Good morning, journalists, financial strategists and curious cash cats of the world. Time to wake up and smell the truthful aroma of a fresh report by Currency Research titled, 'The Case for Cash, Part One: Myths Dispelled'.
This report re-examines 16 myths the common debates about cashin order to 'ensure central banks and governments have a foundation of sound research and public policy on which to base their payment strategies'.
'Examining the statistics worldwide on cash issuance and usage, one concludes that while [...] the rate of growth in cash (not cash itself) may be declining in some countries, cash overall continues to grow worldwide between 5% and 8% per year.'
To offer a better understanding, the report looks closely at data from the European Central Bank, the US Federal Reserve, the Bank of England and the Reserve Bank of Australia as well as China, Turkey and Indonesia which 'echoed the upward march of currency' thus supporting the happy conclusion.

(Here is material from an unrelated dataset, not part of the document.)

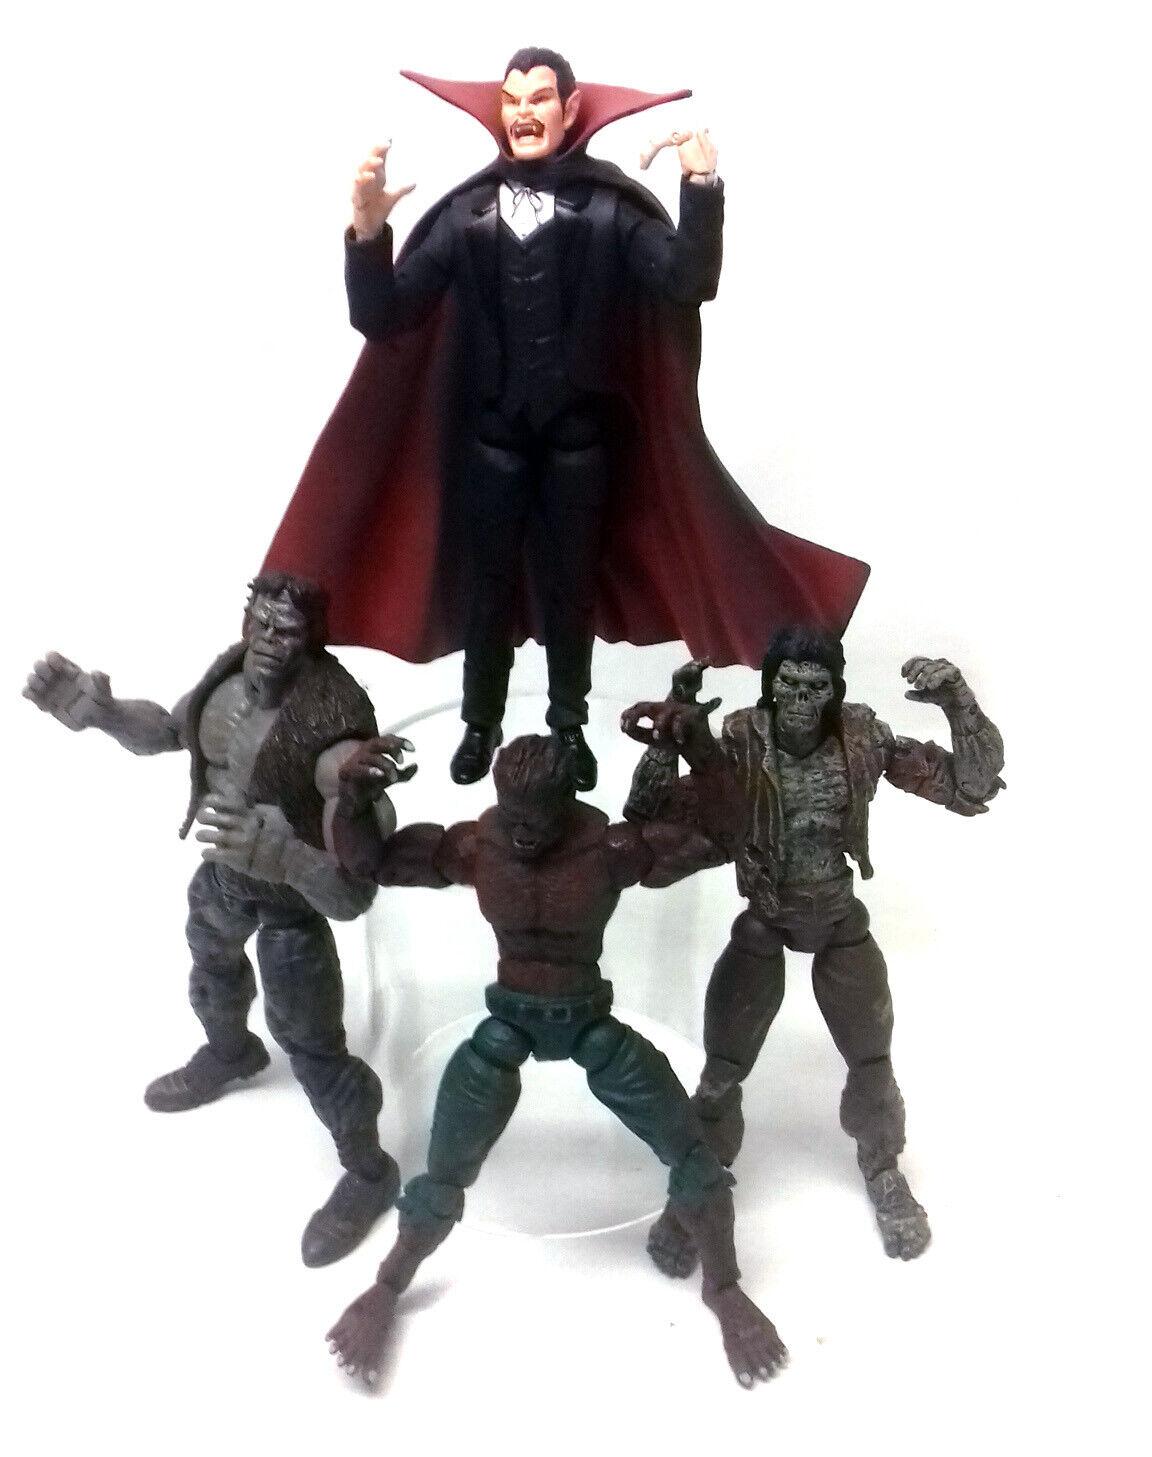 MARVEL Legends DEI MOSTRI-Lupo uomonaro, Dracula,  frankenstein, Zombie cifra Set  vendite online

According to the RBA's latest report on banknotes, Australian cash in circulation was growing at 5% per annum in 2012 with a long-term growth rate expectancy of 6% but has since surpassed expectations with an increase to 7% in 2015-2016. Crikey!
The United States of America
A mere two years later in the USA, the Federal Reserve predicted a continuing 'overall increase in the volume of currency in circulation'. And wouldn't you believe it? This expectation was also met as can be seen in the following table, which indicates non-stop growth of total banknotes in circulation from 2000 to 2017.
Similarly, the European Central Bank's data on the quantity of both banknotes and coins in circulation from early-2000s to 2016 show an upward trend. It appears that the transition to the Euro in 1999, the Brexit reverberations and the recent European Union proposal to cap cash payments have not caused a drop in people's undeniable demand for cash.
The United Kingdom
Likewise, the United Kingdom has also seen a positive trend in cash production. In fact, the Bank of England's website published figures that 'clearly demonstrate that every indicator is up'.
Despite geographic variations, global demand for cash continues to thrive.